First, we’ll reshape our data to have measurements in a long format.

penguins_long <- penguins |>
  drop_na(sex) |>
  select(sex, bill_length_mm, bill_depth_mm, flipper_length_mm, body_mass_g) |>
  pivot_longer(cols = -sex, names_to = "measurement", values_to = "value")

This creates a long-format dataset where each measurement type becomes a separate row, making it easier to group and analyze.

Step 2: Group and Nest the Data

Next, we’ll group by measurement type and nest the data for each group.

penguins_nested <- penguins_long |>
  drop_na(value) |>
  group_by(measurement) |>
  nest()

Now we have a tibble with one row per measurement type, and each row contains a nested dataset with sex and value columns.

Step 3: Perform Multiple T-Tests

We’ll use map() to apply t-tests to each nested dataset.

t_test_results <- penguins_nested |>
  mutate(
    t_test = map(data, ~t.test(value ~ sex, data = .x)),
    tidy_results = map(t_test, broom::tidy)
  )

This applies a t-test comparing values between sexes for each measurement type and creates tidy results using the broom package.

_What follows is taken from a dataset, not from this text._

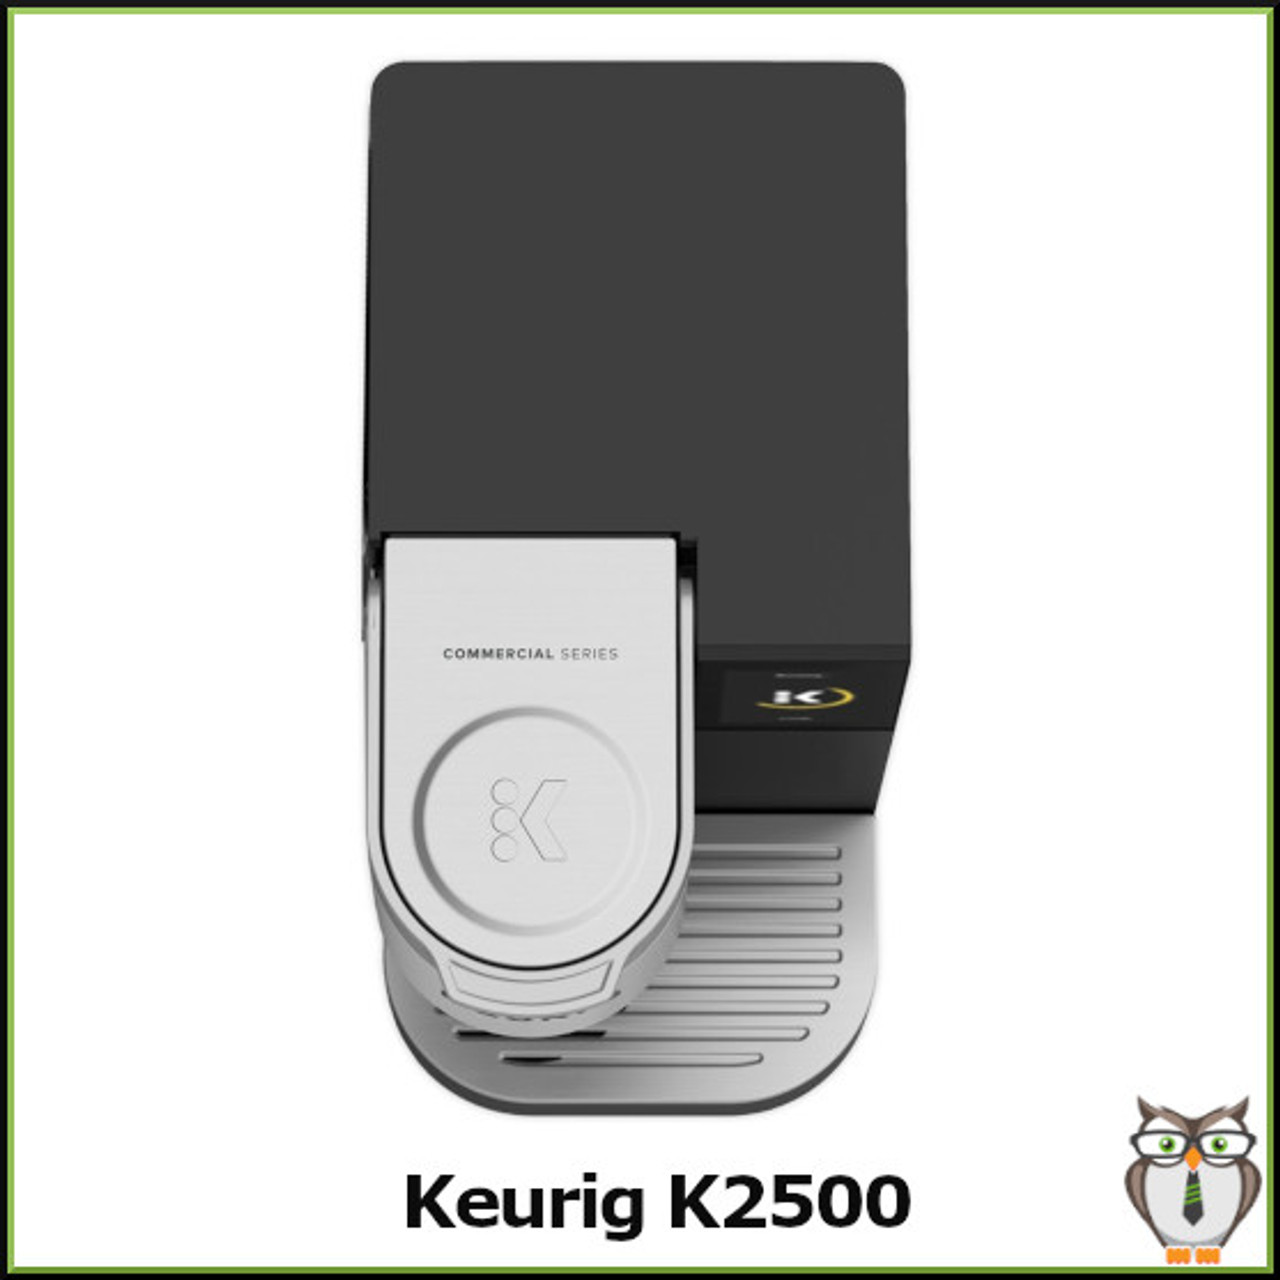 Keurig K2500-7952 (Direct Plumbed) Commercial Brewer - Top View

Step 4: Extract and View Results

Finally, we’ll unnest the results to see all t-test outcomes in a clean format.

final_results <- t_test_results |>
  select(measurement, tidy_results) |>
  unnest(tidy_results)

print(final_results)

This gives us a comprehensive table with p-values, confidence intervals, and test statistics for each measurement comparison.

Example 2: Practical Application

The Problem

A researcher wants to compare penguin measurements across different species pairs (Adelie vs Chinstrap, Adelie vs Gentoo, Chinstrap vs Gentoo). They need to perform multiple comparisons efficiently while controlling for multiple testing.

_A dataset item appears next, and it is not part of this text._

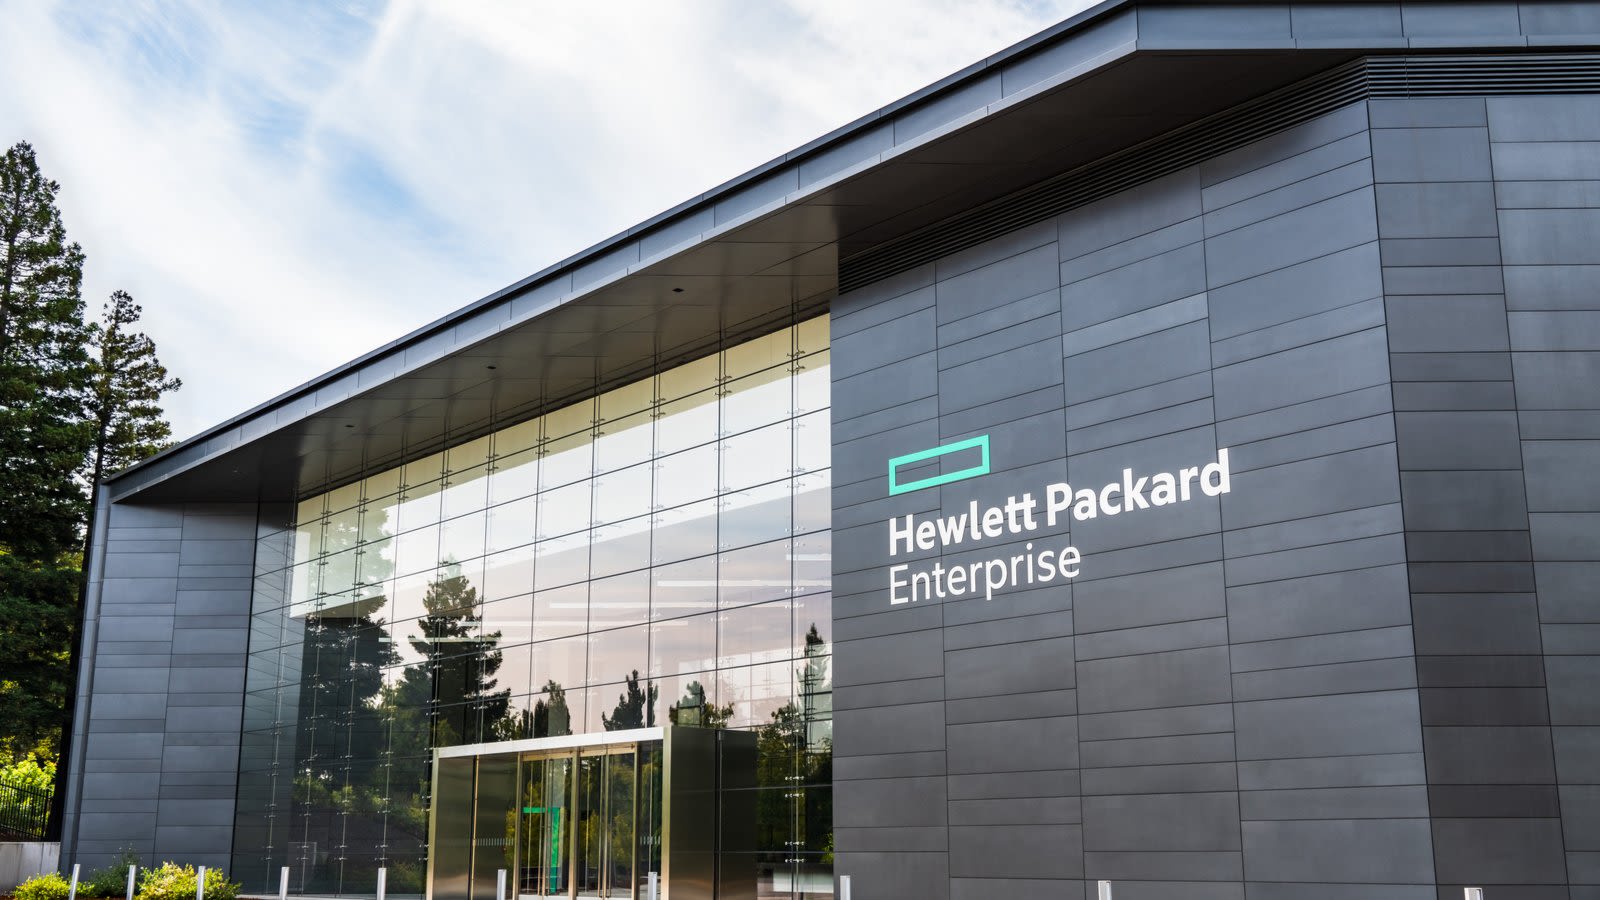 Whoa! HPE Stock Is the Top Tech Pick You Didn't See Coming.

Step 1: Create Species Pairs

We’ll create all possible species pair combinations for comparison.

species_pairs <- list(
  c("Adelie", "Chinstrap"),
  c("Adelie", "Gentoo"),
  c("Chinstrap", "Gentoo")
)

This creates a list of species pairs that we’ll use for pairwise comparisons.

Step 2: Prepare Data for Each Comparison

We’ll create a function to filter data for each species pair and apply it to our measurements.

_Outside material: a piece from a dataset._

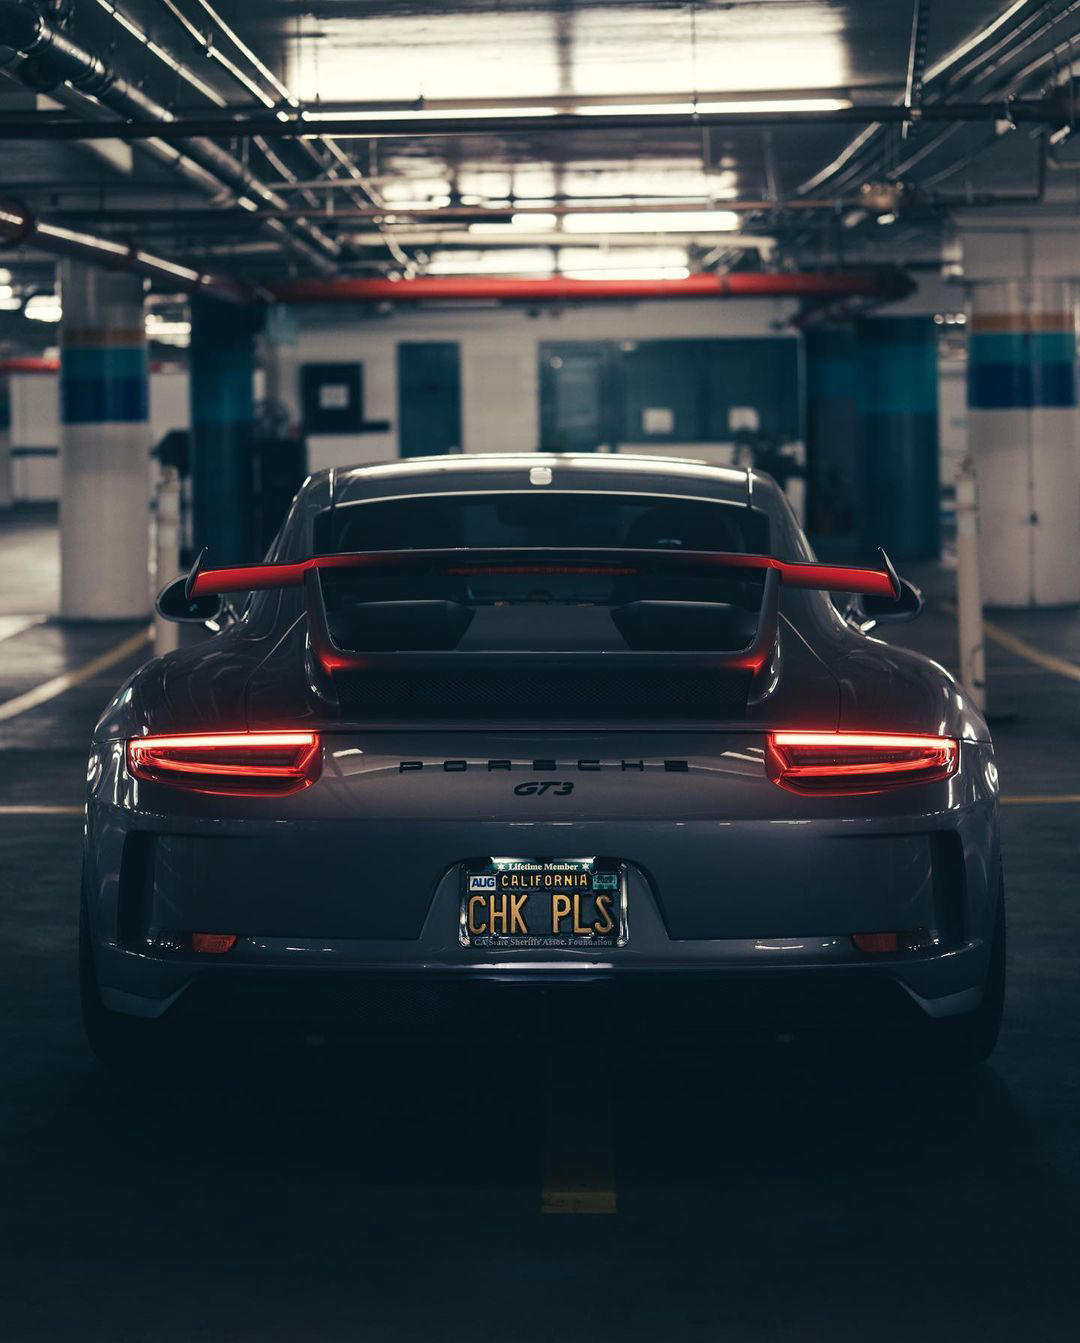 image  1 Porsche - Wings spread, eyes lit, muscles flexed – ready to roll into the night

compare_species <- function(species1, species2, data) {
  data |>
    filter(species %in% c(species1, species2)) |>
    drop_na(sex, bill_length_mm)
}

This function filters the penguin data to include only the two species we want to compare.

Step 3: Run Pairwise T-Tests

Now we’ll perform t-tests for each species pair across bill length measurements.

pairwise_results <- map_dfr(species_pairs, function(pair) {
  filtered_data <- compare_species(pair[1], pair[2], penguins)
  
  if(nrow(filtered_data) > 0) {
    test_result <- t.test(bill_length_mm ~ species, data = filtered_data)
    broom::tidy(test_result) |>
      mutate(comparison = paste(pair[1], "vs", pair[2]))
  }
})

This creates a comprehensive results table with t-test statistics for each species comparison.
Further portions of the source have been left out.